Top of PROVIDED RECORDS

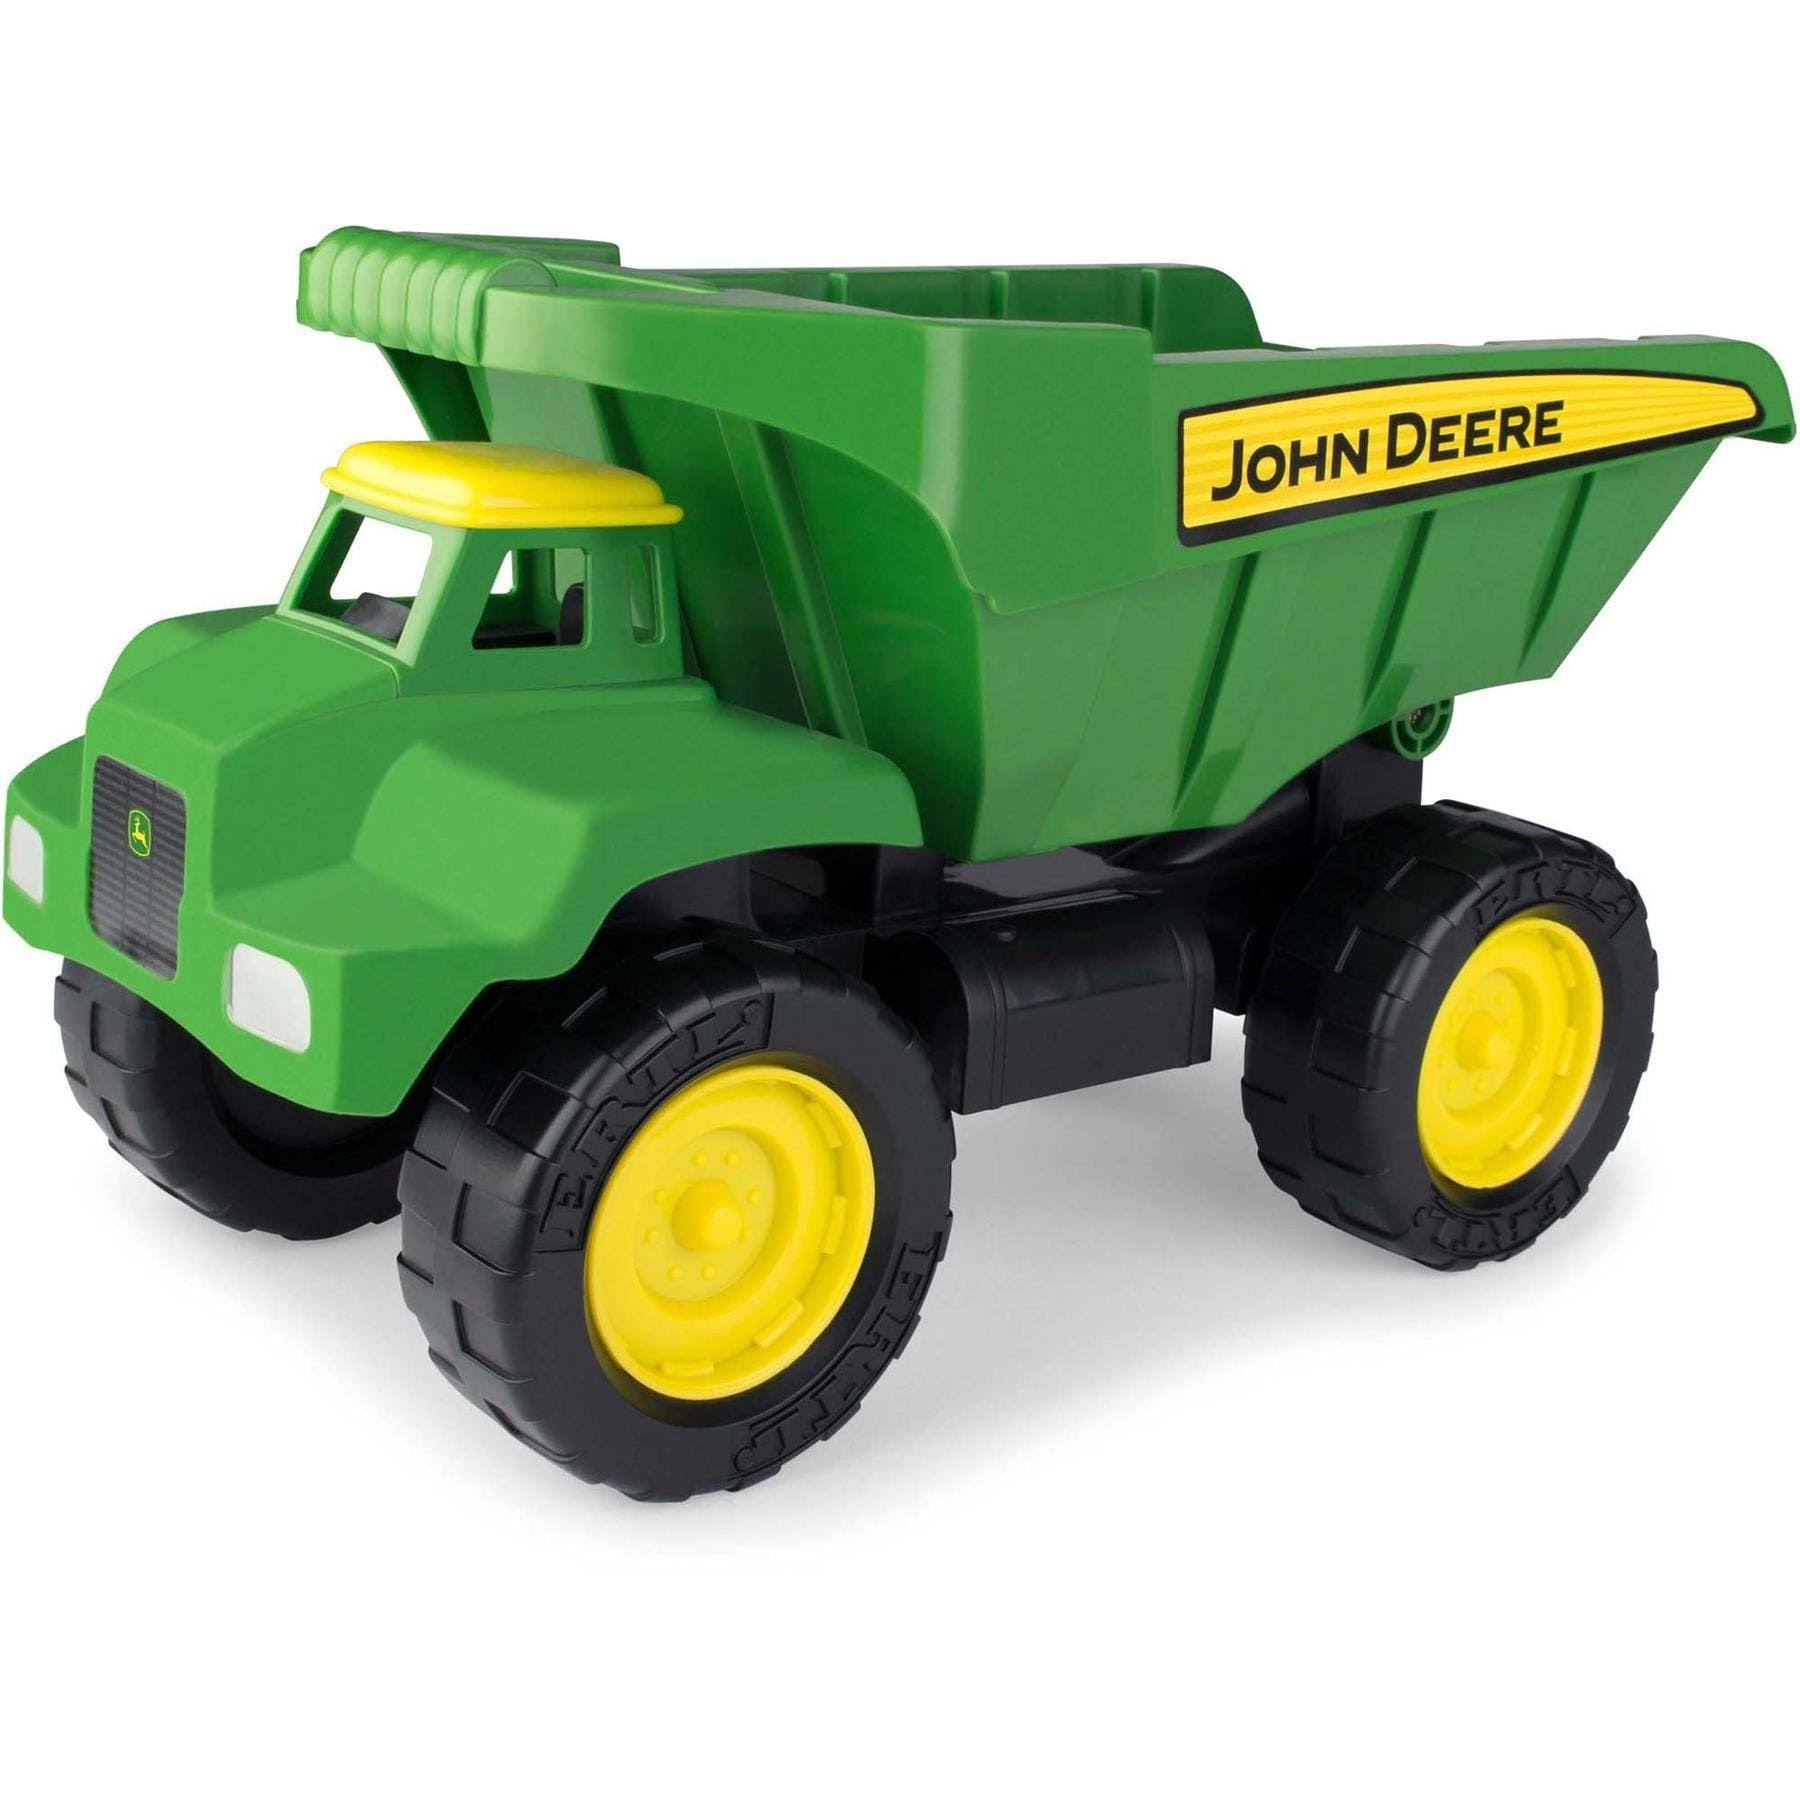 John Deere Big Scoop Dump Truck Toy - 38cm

Bottom of PROVIDED RECORDS
Top of PROVIDED RECORDS

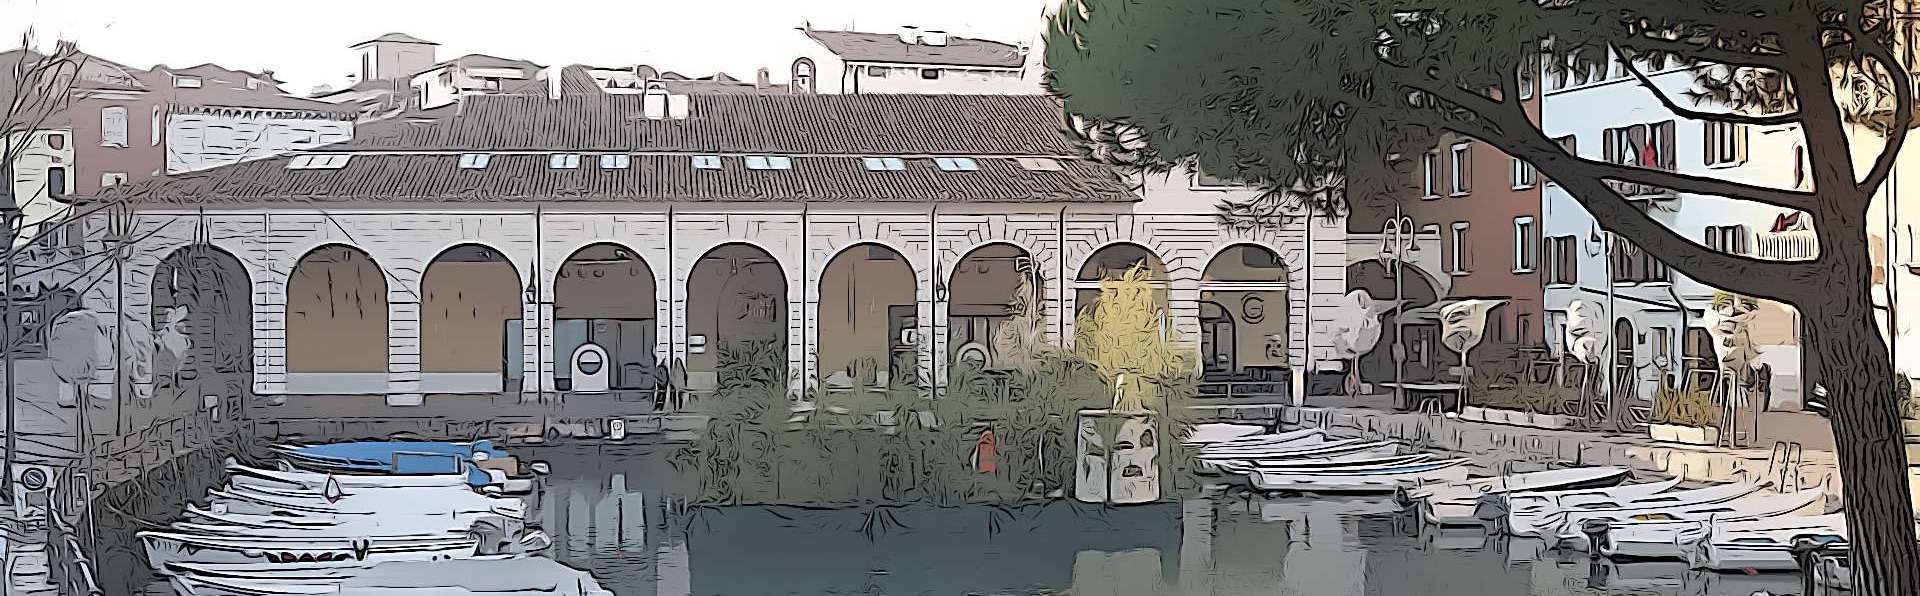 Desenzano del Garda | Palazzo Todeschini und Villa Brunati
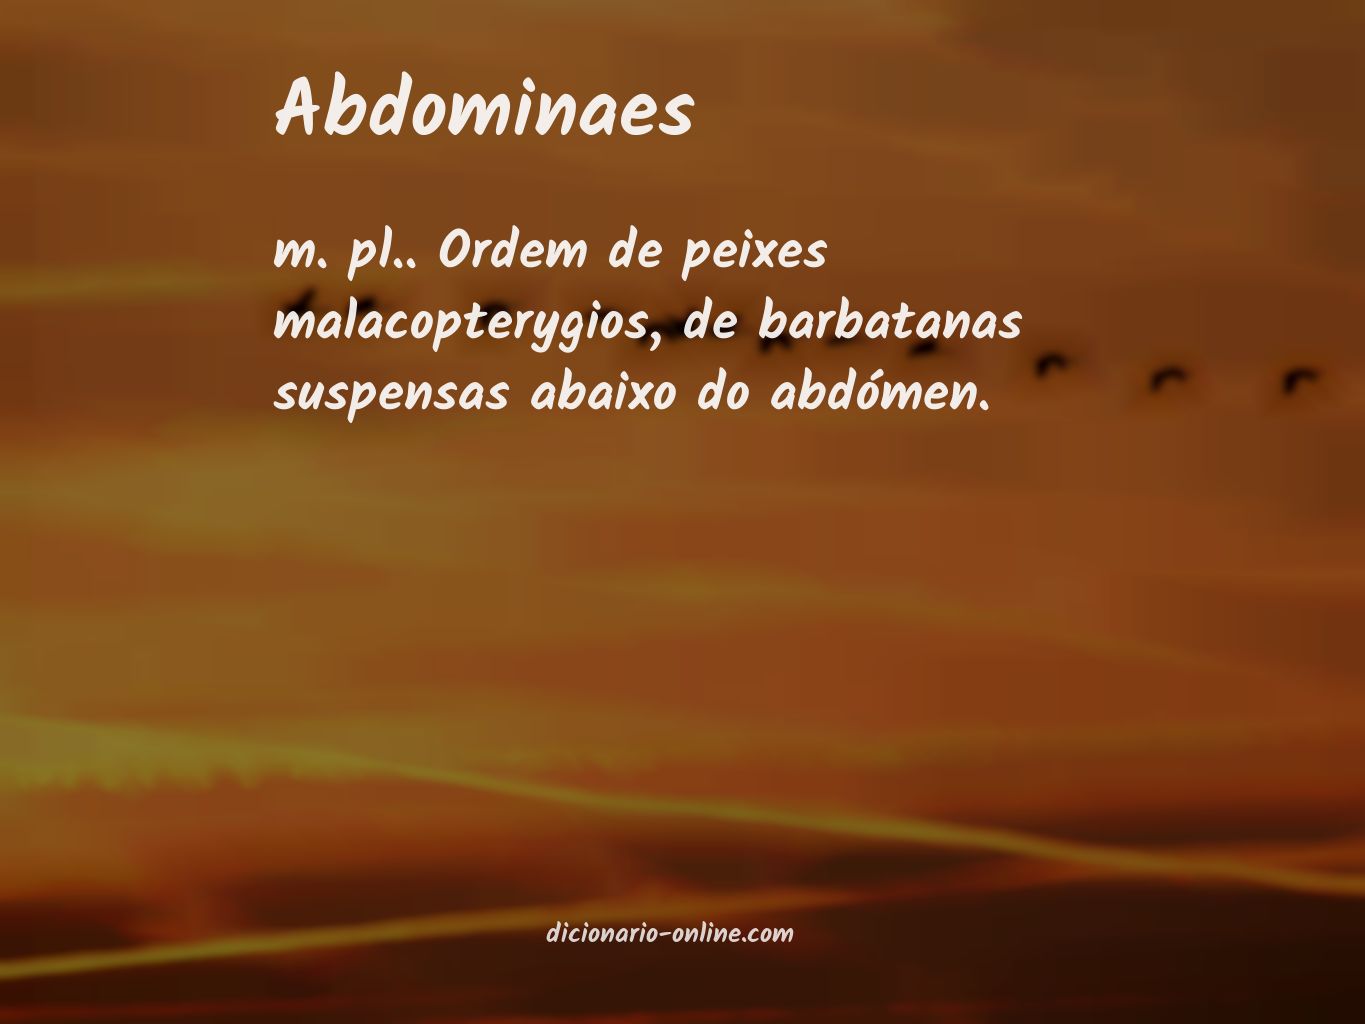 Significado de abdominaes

Bottom of PROVIDED RECORDS

▸ **WORK REQUIRED**
Since the pictures are not part of the copy, please transcribe only the lines above from the one with "Desenzano del Garda" through the one with "Significado de abdominaes", exactly and with both ends.

▸ **ANSWER SPACE**
 Desenzano del Garda | Palazzo Todeschini und Villa Brunati
 Significado de abdominaes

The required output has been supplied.